Fortunately, the kinds of requirements set forth in the healthcare reform-mandated programs under Medicare are broadly harmonious with those under meaningful use. Still, as Jane Metzger told me, it will be a rude shock to many healthcare IT leaders to scan those requirements and realize that the stage 1 requirements under meaningful use, 80 percent of a hospital organization’s patients need to be assigned a problem list with at least one problem. But in reality, that standard is far, far too mild to meet the requirements in these other programs; essentially, hospital organizations will need to quickly create problems lists that encompass all the problems for all of their patients, in order to satisfy the demands of those programs.

So, inevitably, CIOs, CMIOs, and their colleagues will need to learn to multitask; they will have to juggle all sorts of timetables, will have to move their individual program-focused teams forward all at the same time, constantly checking and cross-checking the work progress of those teams, in order to do what’s necessary to satisfy the demands from the federal government—and without a doubt, very soon, the vast majority of private payers—for greater accountability and transparency.

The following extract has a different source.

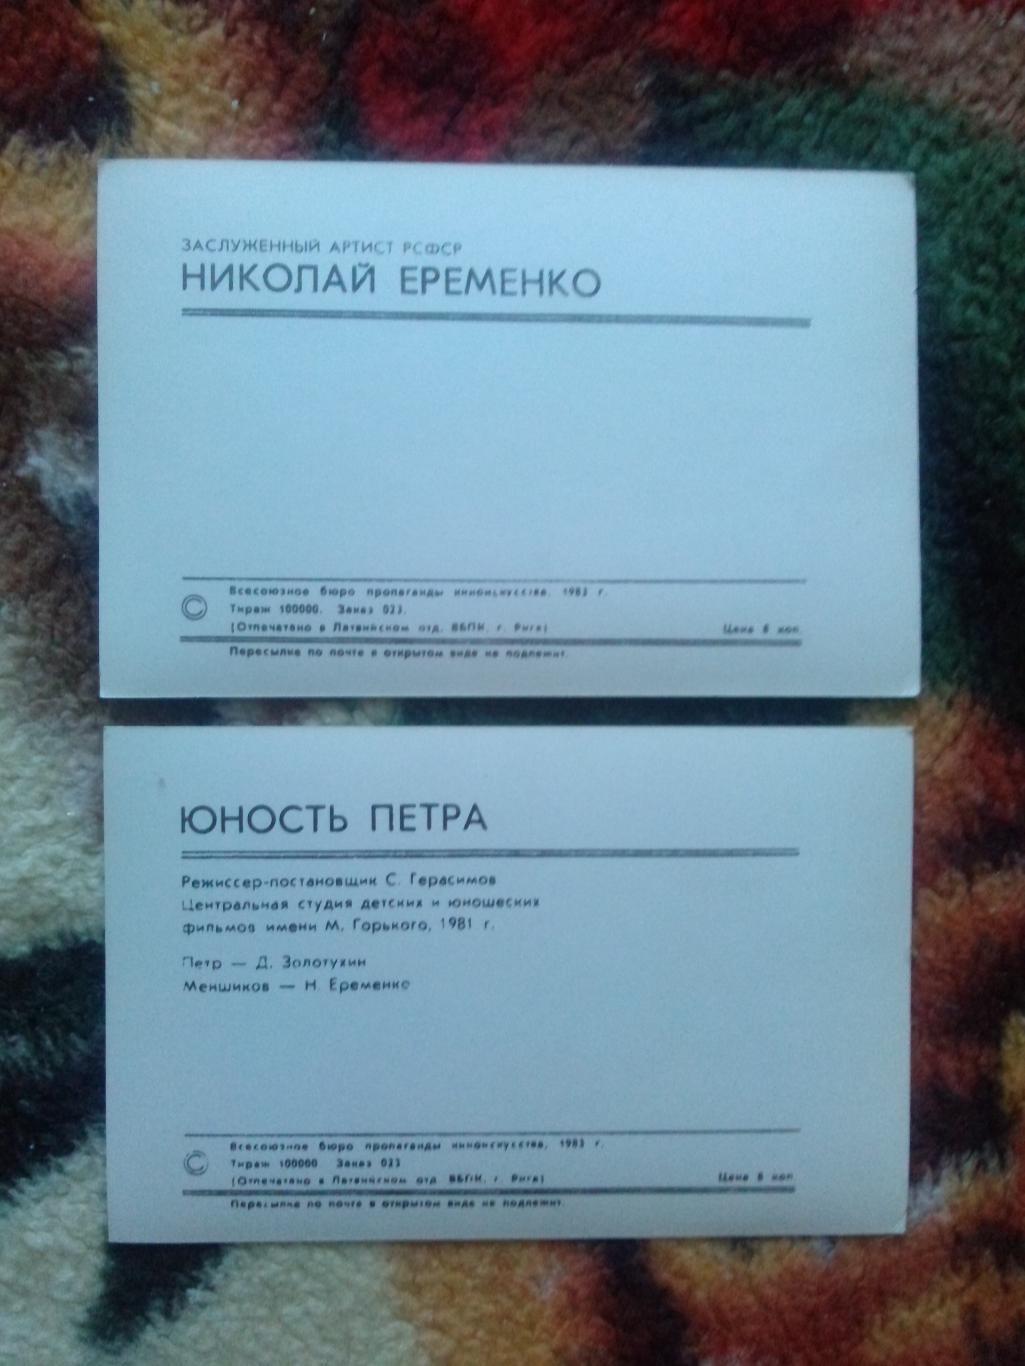 Артисты кино и театра СССР : Николай Еременко 1983 г.полный набор-10 открыток 7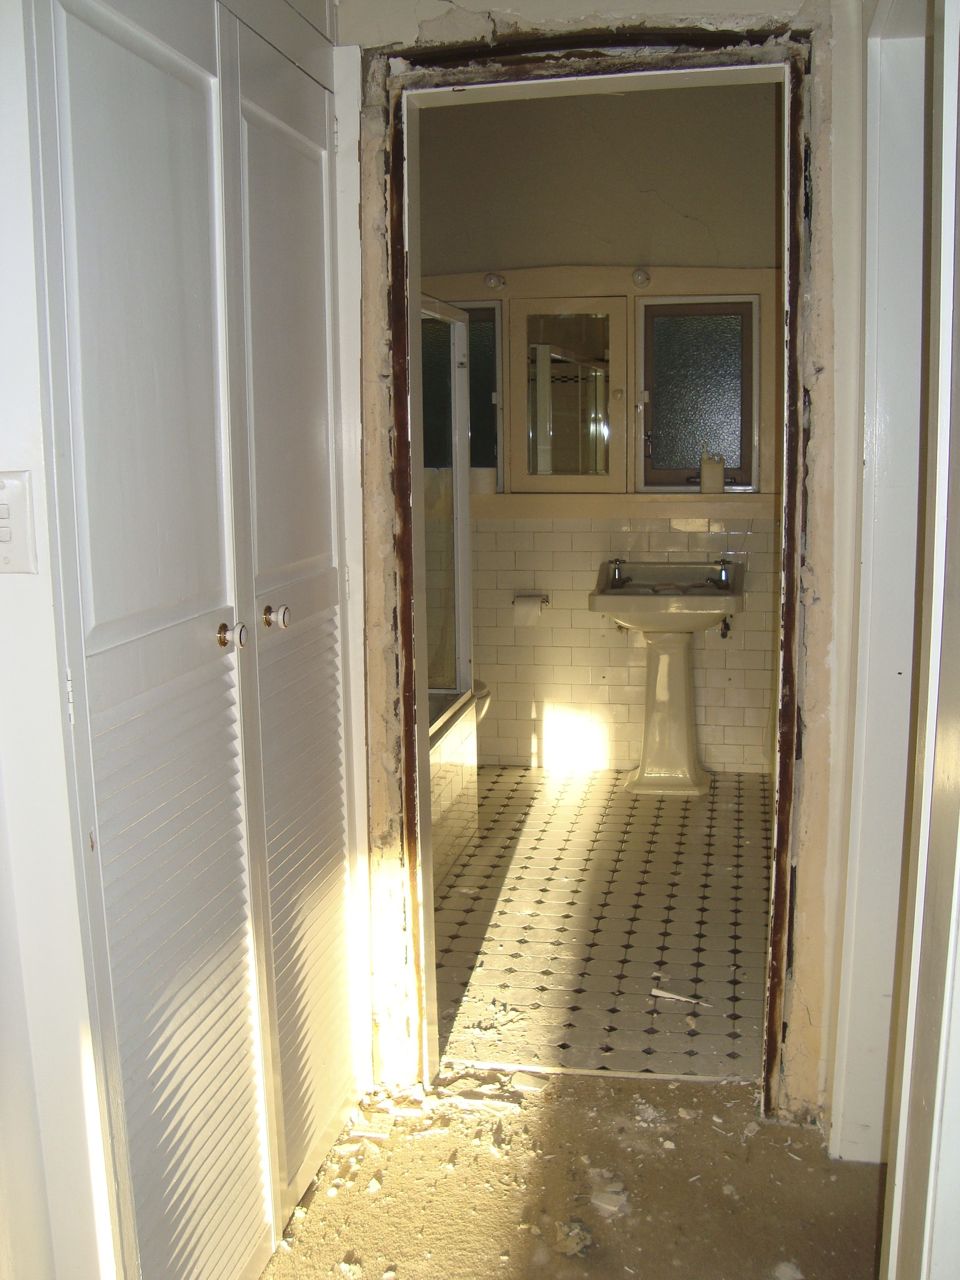 1 Original Bathroom

It’s also essential to keep in mind the costs of not moving forward on all these fronts at the same time. When the penalties from the value-based purchasing, readmissions reduction, and hospital-acquired condition programs are combined, the fact is that within just a few years, a hospital organization that finds itself in the bottom quartile of performers nationwide could see its Medicare reimbursement cut by as much as several percentage points by 2017. And that figure would not include the penalties for failing to meet meaningful use requirements by the end of 2015. (And of course, none of this includes the data collection and reporting requirements under the ACO shared savings program, which are yet another whole area--though also the one truly voluntary program, with no potential payment cuts for poor performance--or for non-participation, as under MU.)

Are we really talking about a poorly performing hospital losing, say, up to 9 percent of its annual Medicare reimbursement by 2017? Absolutely. Indeed, to be truly realistic, one must also take into account the clear possibility that even the best-performing U.S. hospitals could lose at least a few percentage points off their total annual Medicare reimbursement in the coming several years, based on the very difficult federal budget issues facing Congress this fall, and the likelihood that across-the-board Medicare provider cuts are in the offing.

So let’s be clear: the poorest-performing hospitals in this country are, in the next several years, facing a catastrophic combination of across-the-board reimbursement cuts and targeted outcomes-based pay cuts. How does a 12-percent overall Medicare reimbursement cut sound? For many resource-strapped hospitals already struggling to keep up with their competitors in their local markets, that level of reimbursement cut could truly be an organizational death sentence.

The bottom-line reality here is very clear. Federal policymakers, looking at the ever-expanding slice that the Medicare program is taking out of the federal budgetary pie, are moving ahead to demand radical improvements in patient care outcomes, accountability, transparency, and efficiency (via automation and other means). And those patient care organizations whose leaders don’t see, or aren’t willing to see, the proverbial handwriting on the wall, face ultimate erasure. The stakes couldn’t be higher. But the silver lining here is that the highest-performing hospitals have a relatively bright future ahead of them (at least when compared to the potential fates of the low-performers). The question is: which group will your organization be a part of?